Because, when you get a setting and game system both as complex as Exalted is (or likes to purport itself as), what you
really need is a reference text which tells you how things work and how they should operate. Inspiration material is
nice, but that's where source material and a reading list comes in, and atmosphere is for coffee-table books intended to be read alone and imagining all the possibilities of the contents at work. Exalted really
does not need that kind of book, because no concrete examples of how things should go, and only light suggestions where they lie (if they're not breathlessly presented with the assumption of the standard Antagonist-ST who does literally All the work required of running the game) puts an enormous overhead on anyone willing to undertake the demand. This is a Hard game to get people to start, because it as an incredible amount of buy-in necessary even beyond coming to grips with Combat, and the book which favors the side of "Imagine your ideal game" over "Running your ideal game" is putting a very deliberate hurdle in the path of anyone willing to try.

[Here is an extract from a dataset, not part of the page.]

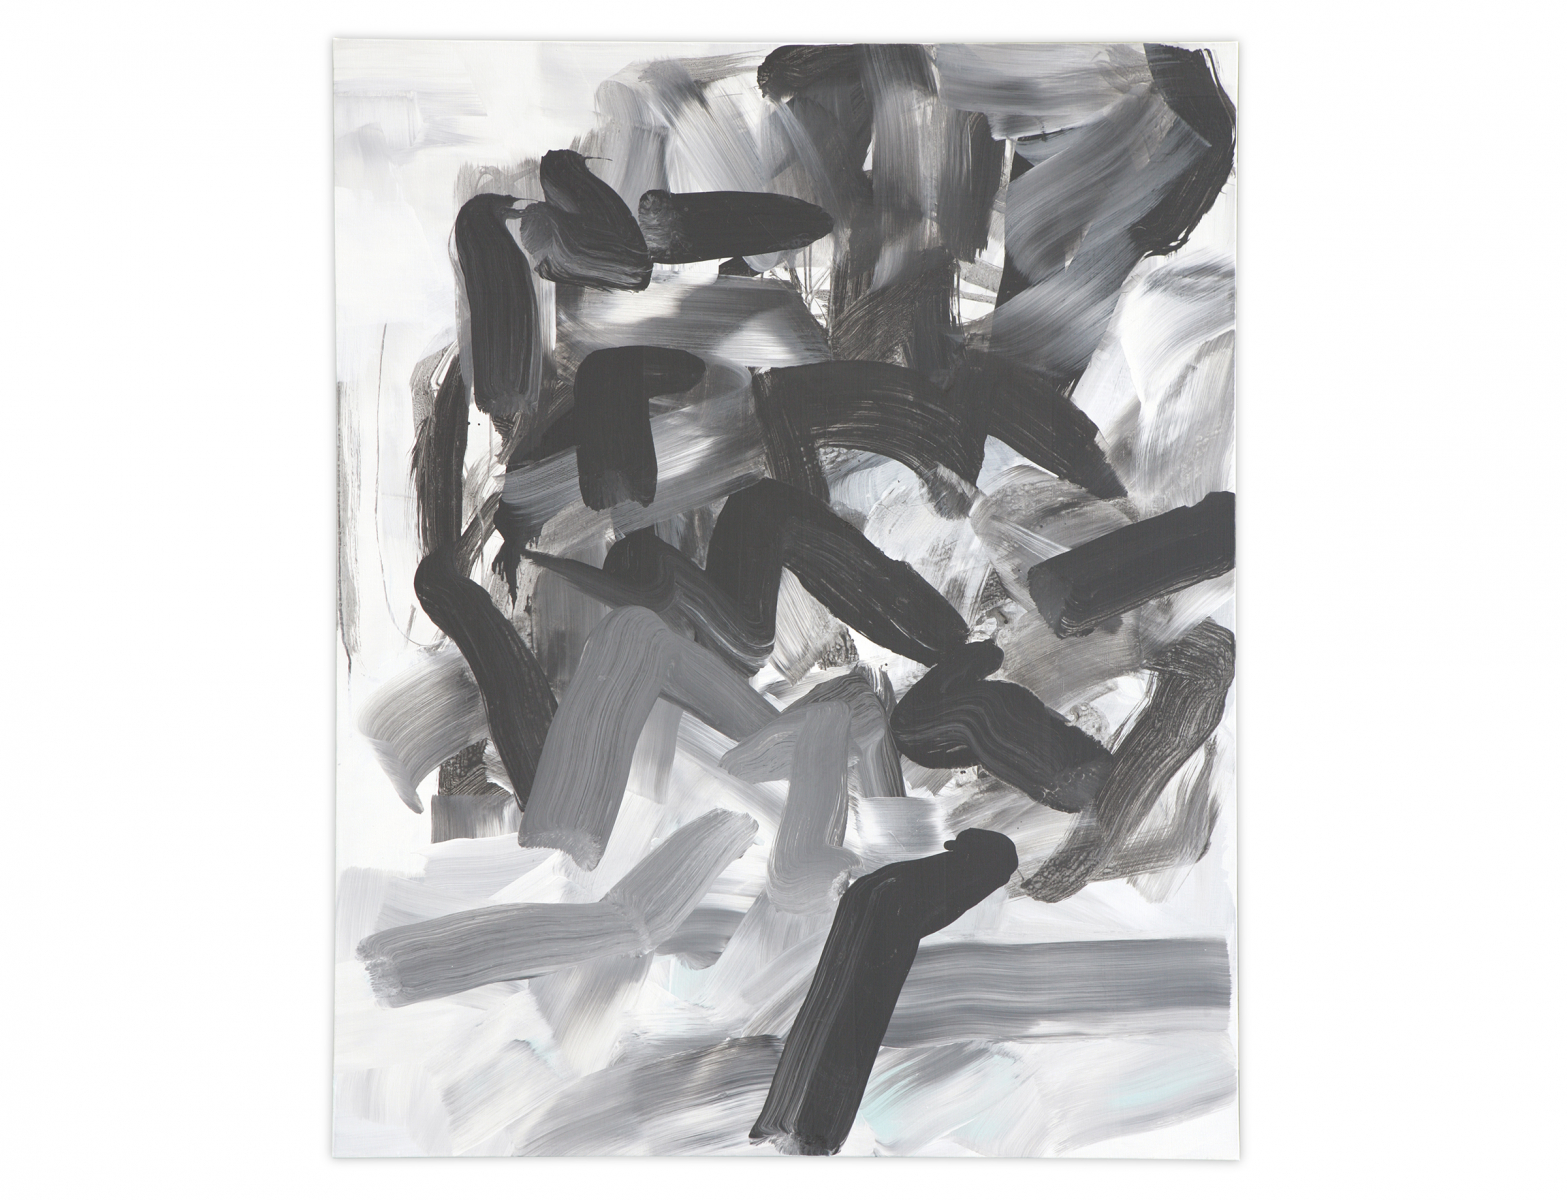 Emptiness-13038, 2013, Acrylic on Canvas, 162x130.3cm

Just look at the previous page of everyone scrambling around looking for a one-sentence note on the nature of how Jade, one of the headlining Magical Materials of the primary antagonist faction, is supposed to be worked in practice. Information is not disseminated well in these books, and if it were, then we would all have
vastly more time to allow ourselves the chance to establish the kinds of things we
imagine happening in this game in an
actual game, rather than digging through reams of prose to find the needle in the haystack we were hoping for.
And I say this as someone who writes reams of needless and fanciful prose as inspiration and atmosphere.